Wednesday, January 18, 2012
Eyes Hurt, Skin Hurts, Tongue to Big for Mouth
The moment I realised I was about to come down with some kind of plague wasn't when my sister-in-law lost her voice over Christmas, it wasn't when father became more woolly minded than usual around two weeks later, it wasn't even when mother virtually hacked up and lung whilst we were catching up with the exploits of Sherlock...no, the moment I realised my future was the joys of every piece of food tasting like cardboard, a continuous swarm of mosquitoes in my head, both shivering and sweating at the same time and the mucus...for the love of God, the mucus...yes that moment was when the various folk sharing the same carriage as I last week seemed intent on superfluously spreading every infected molecule across the train in a world where obviously the humble tissue had never been invented.
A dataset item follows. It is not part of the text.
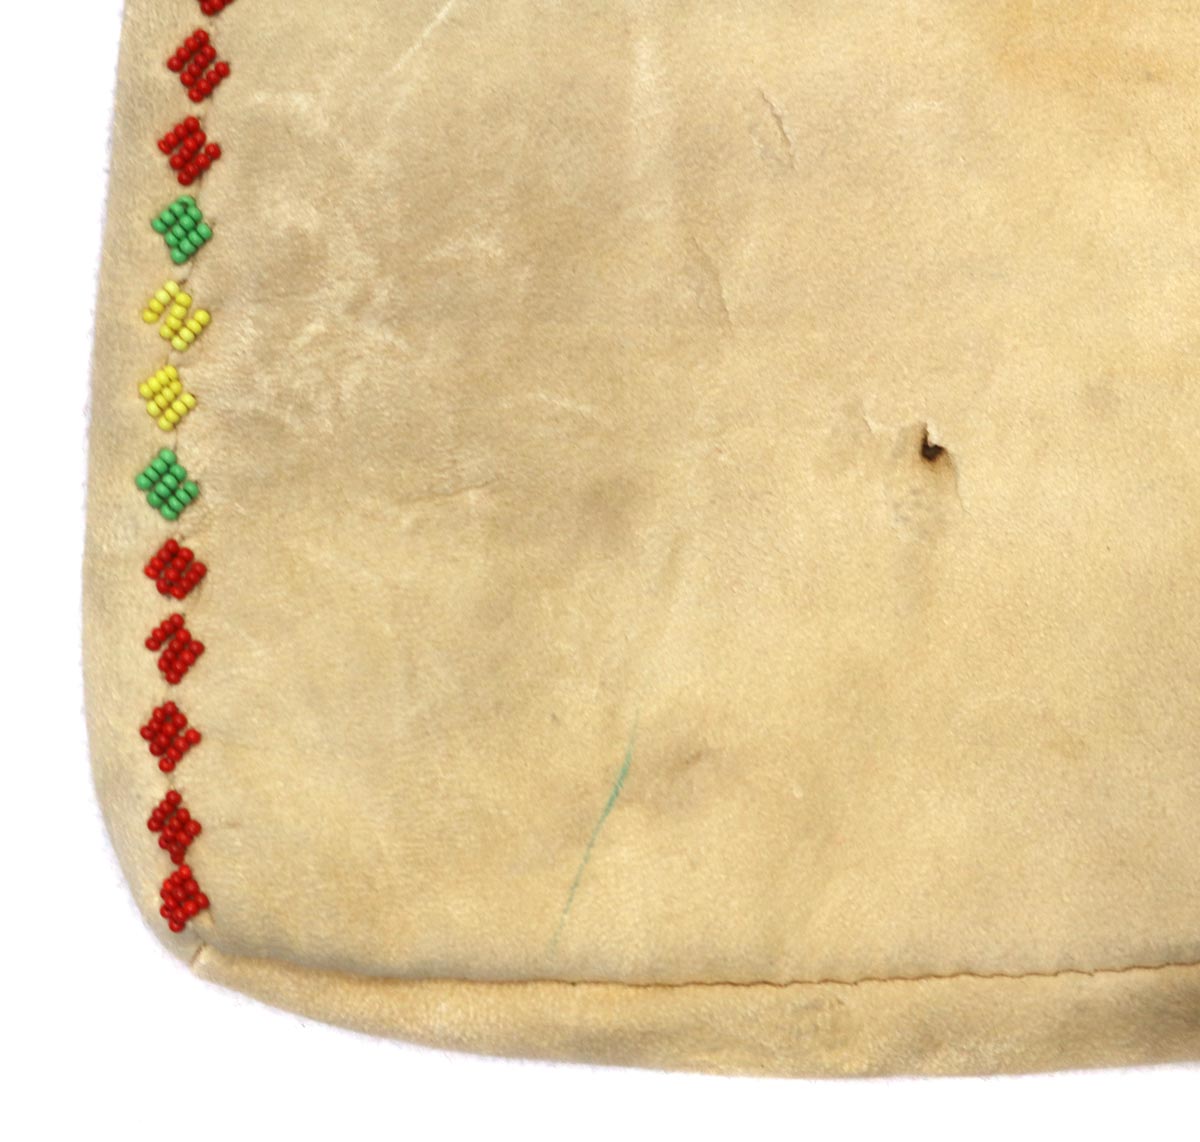 Beaded Leather Bag c. 1910-20s, 13" x 20.5" (DW90225C-0222-001) 3
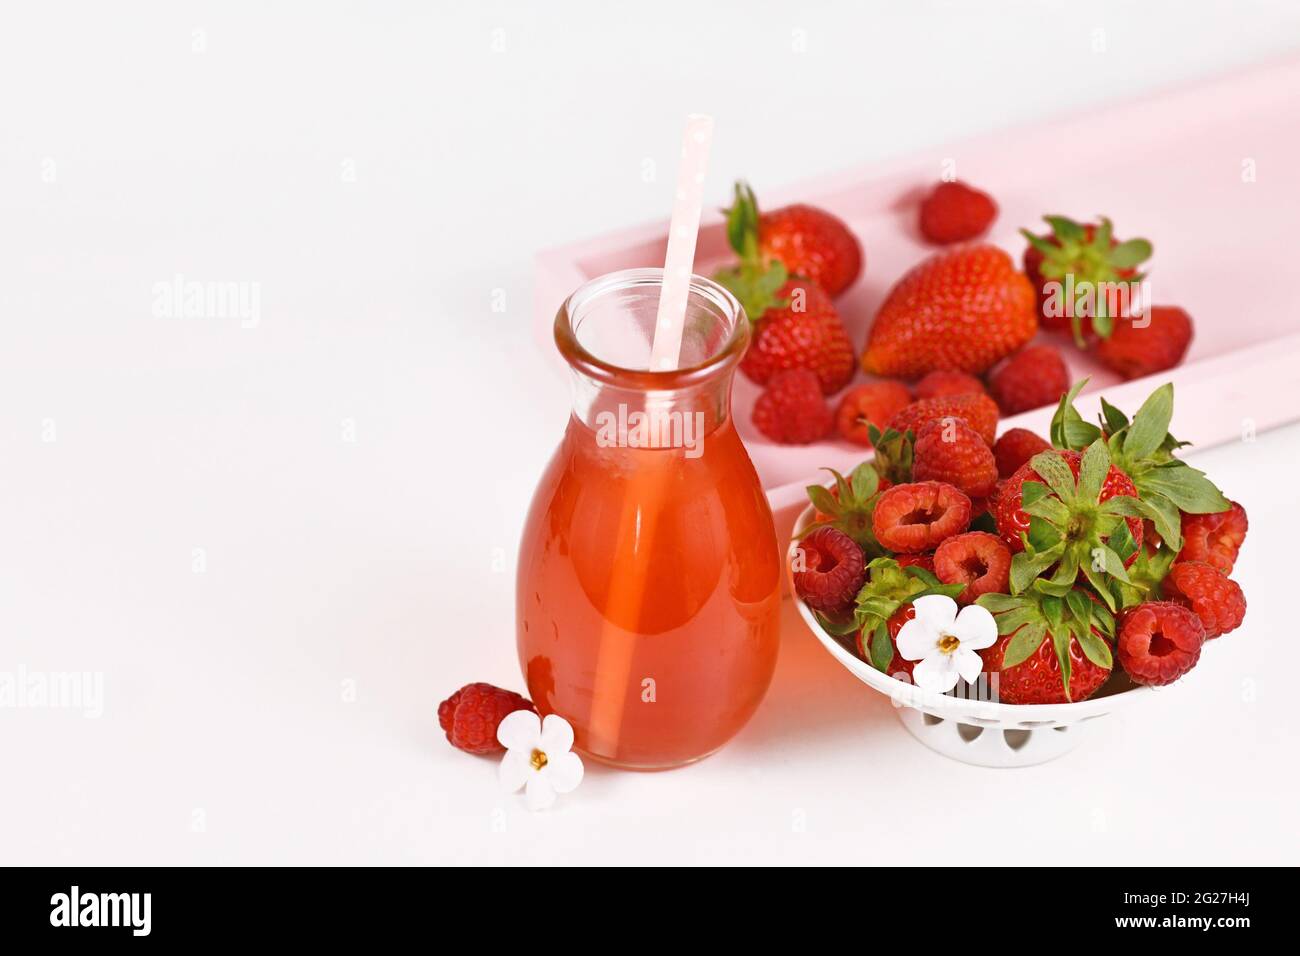 Limonade aux fraises rouges et aux framboises dans un pot entouré de baies Banque D'Images

Why use such devices when you can sneeze spittle half the length of the carriage, cough phlegm onto the back of the seat in front or even wipe mucus onto seat coverings...obviously more absorbent than a man size Kleenex...and then touch the 'open door' button the stop before mine. And so I shall wrap myself in my duvet as my nose turns a lovely shade of raw red and my lungs test whether a cough or sneeze works as well as regular breathing techniques....And I may or may not watch my entire collection of Harry Potter films in a hallucinogenic haze.